Revue de presse

La série «Chernobyl» dope le tourisme béat et ignorant de l’Histoire

La foule à Pripiat! Au point que Craig Mazin, le créateur de la fiction de HBO, a dû fustiger l’irrespect dont font preuve aujourd’hui les hordes de visiteurs étrangers face à la tragédie de la centrale nucléaire en 1986, qui a fait tant de victimes. Le nouveau président ukrainien veut corriger le tir

Il a 27 ans et vient de l’autre bout du monde: du Brésil. Bien avant de se rendre en Ukraine cet été, Louis Carlos ne connaissait rien de Tchernobyl. Jusqu’à ce qu’il regarde la minisérie de la chaîne de TV américaine HBO, qui a remporté un succès faramineux. Mais qui est aussi très critiquée pour ses approximations historiques et ses oublis d’acteurs importants, comme l’explique très bien l’auteur d’un livre sur le sujet à La Libre Belgique. Mais une fiction restant une fiction, c’est tout de même elle qui a motivé le Sud-Américain à se rendre sur les lieux de la plus grande catastrophe nucléaire de l’Histoire. «Si des gens viennent ici pour comprendre ce qui s’est passé et essayer d’apprendre, c’est une bonne chose», dit-il à l'Agence France-Presse.
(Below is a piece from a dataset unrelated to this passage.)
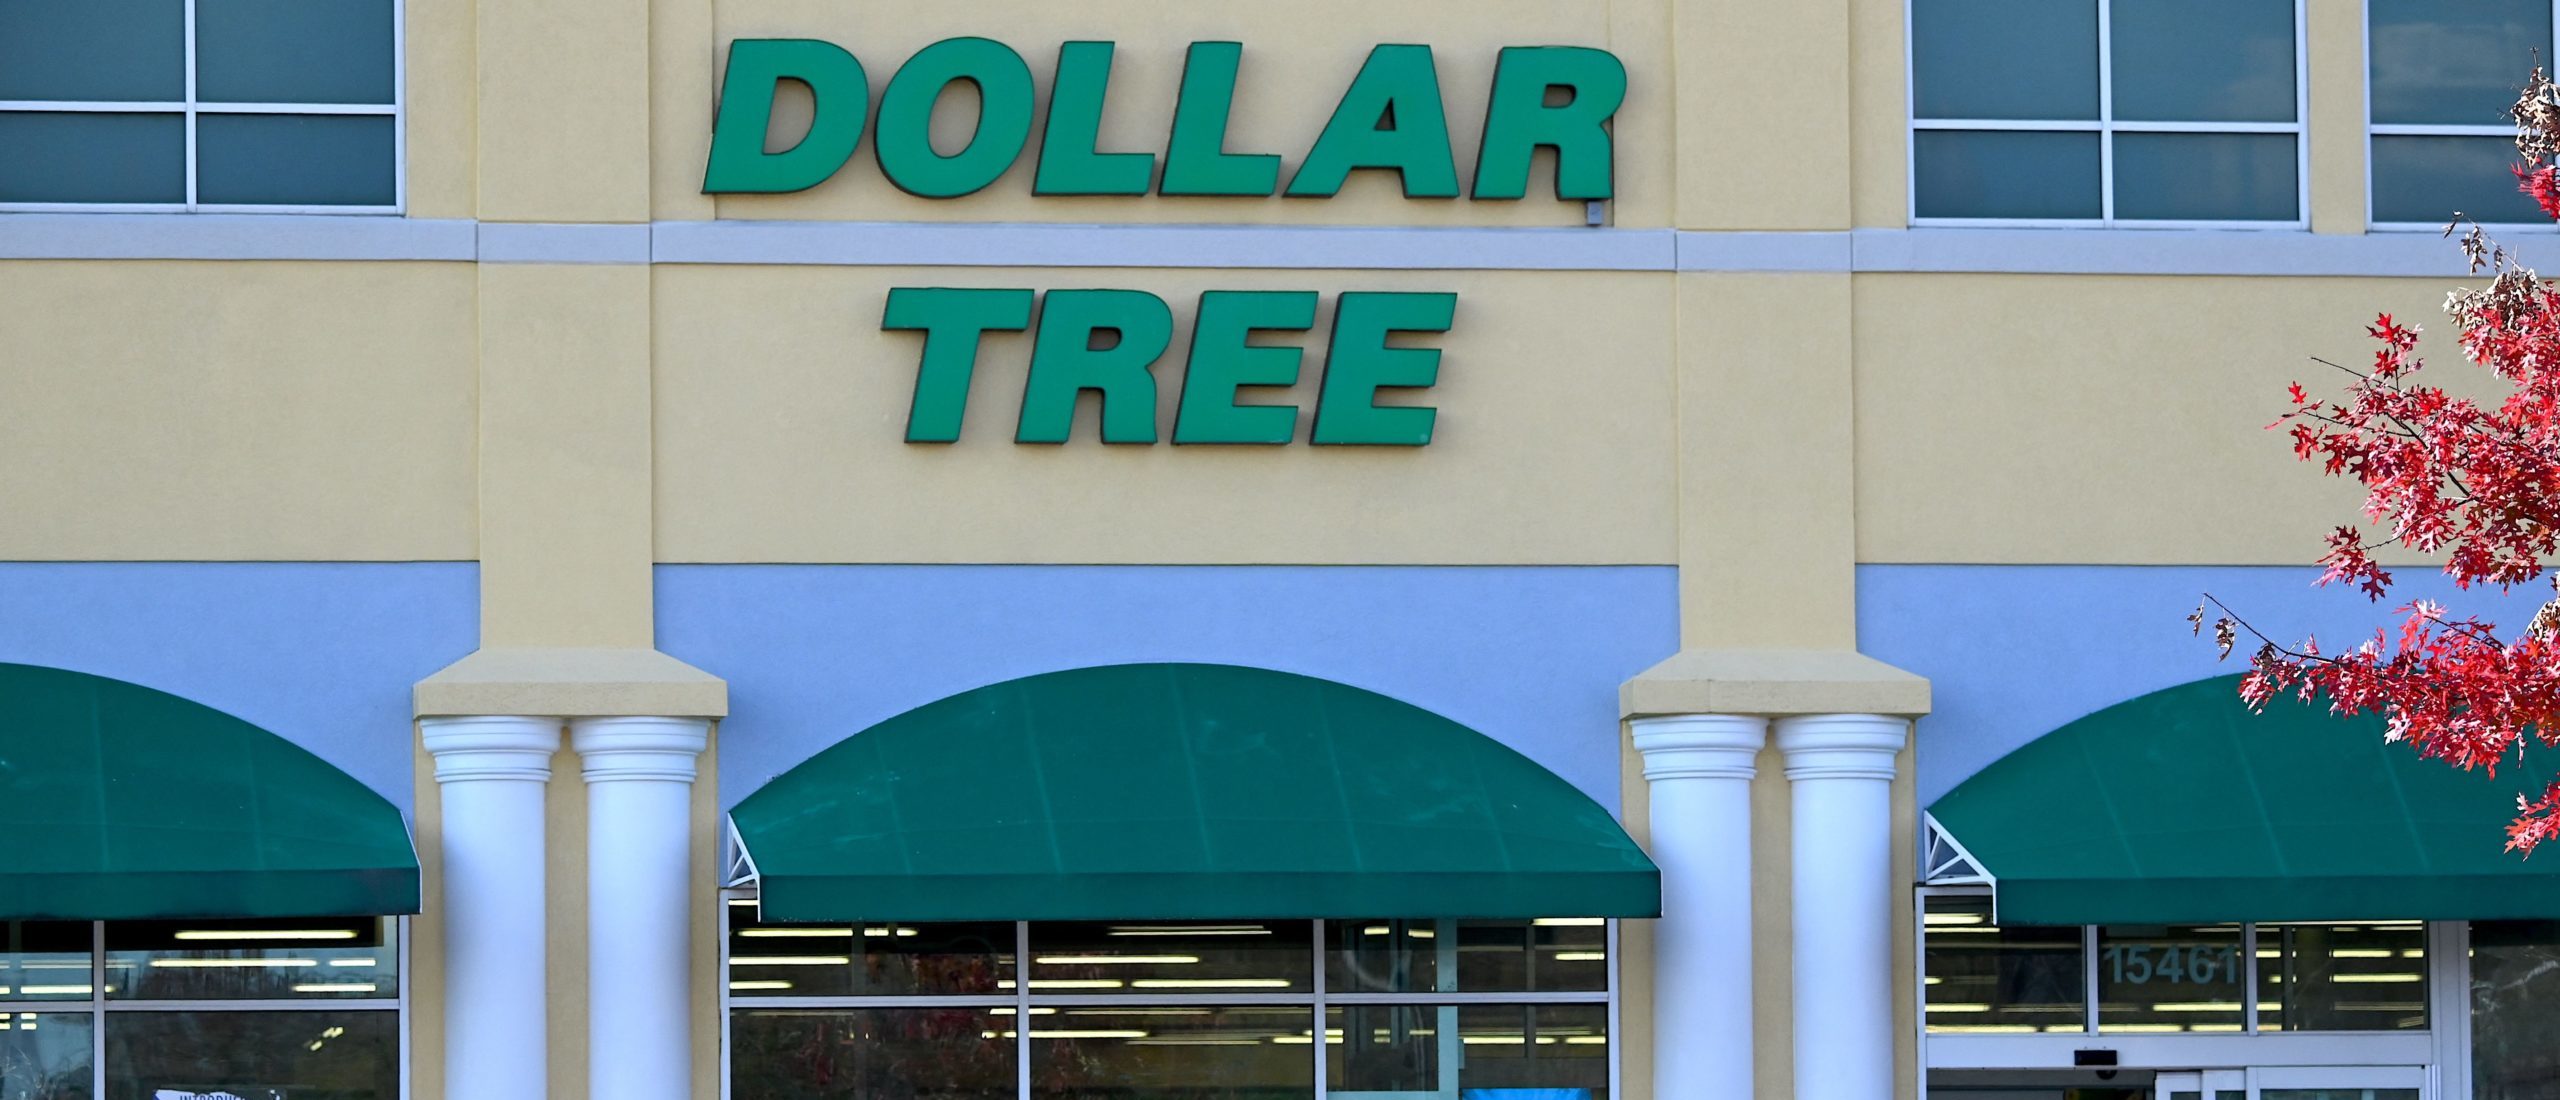 The Dollar Tree logo on its store in Bowie, Maryland, on November 23, 2021. - (Photo by JIM WATSON/AFP via Getty Images)
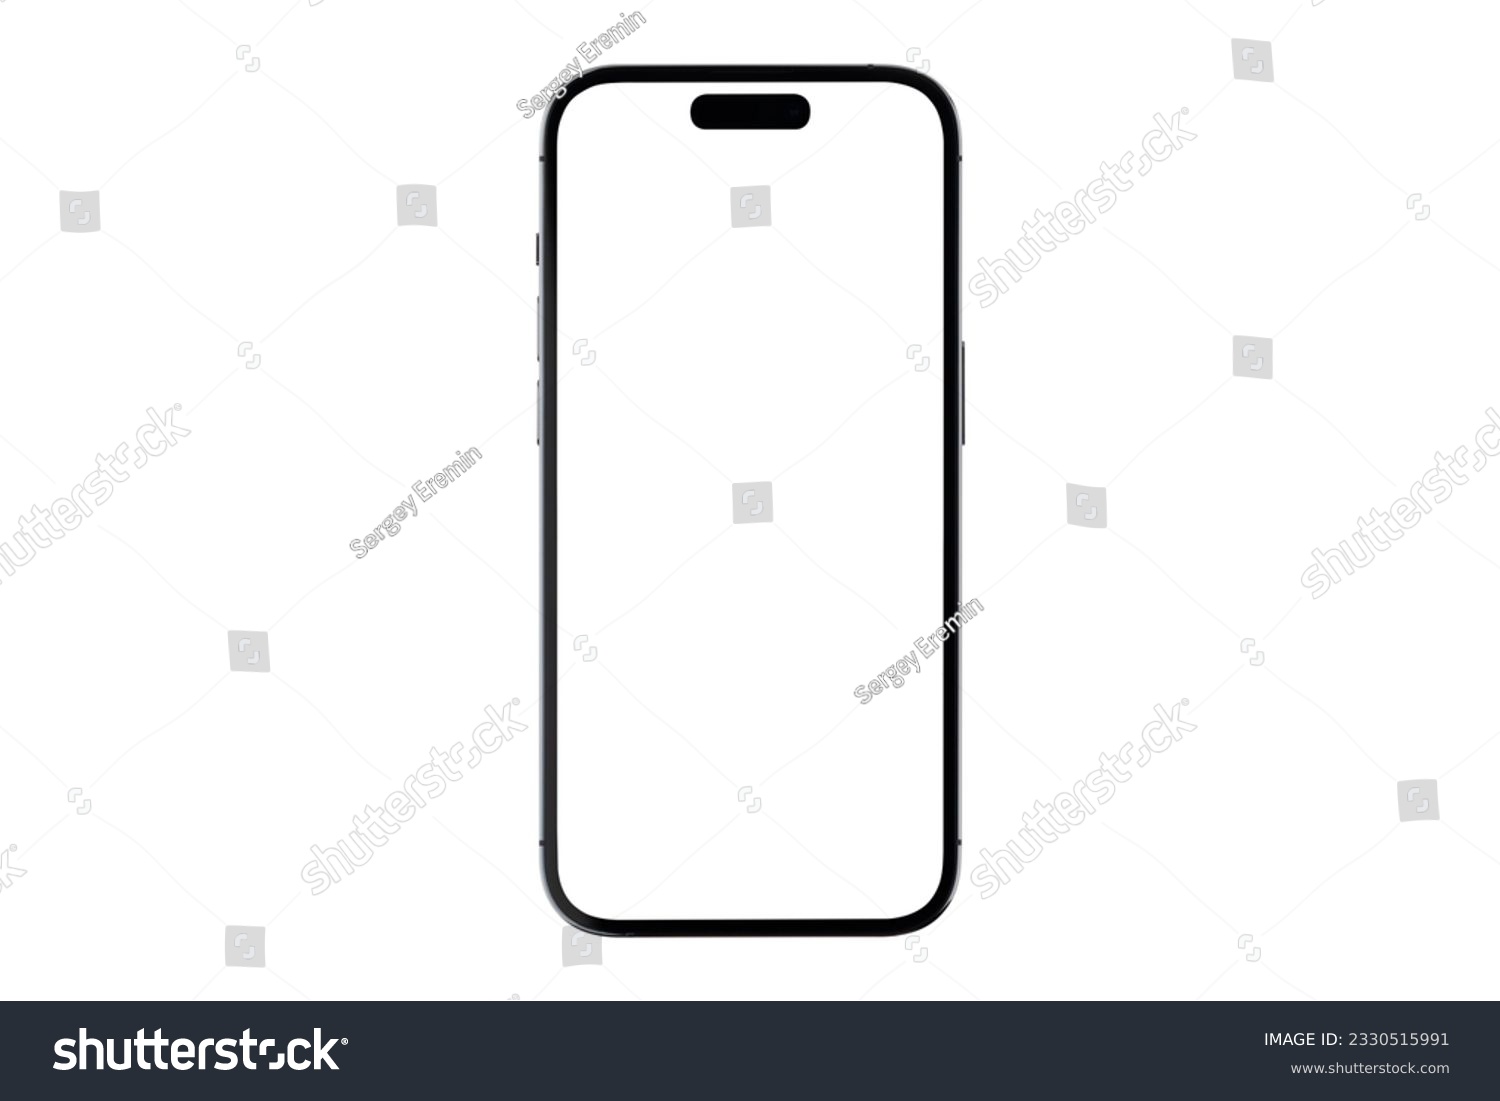 Smartphone with a blank screen on a white background. Smartphone mockup closeup isolated on white background. #2330515991

Mais en fait, ce n’est plus le cas. Aujourd'hui, ces «gens» prennent des selfies, volent les objets abandonnés sur place… Le succès mondial de Chernobyl a amené une nouvelle génération de touristes sur ces lieux maudits, au grand dam des guides locaux. Aujourd’hui, la zone entourant la centrale dans un rayon de 30 kilomètres dans le nord de l’Ukraine est encore inhabitable, mais une petite partie a été ouverte aux touristes.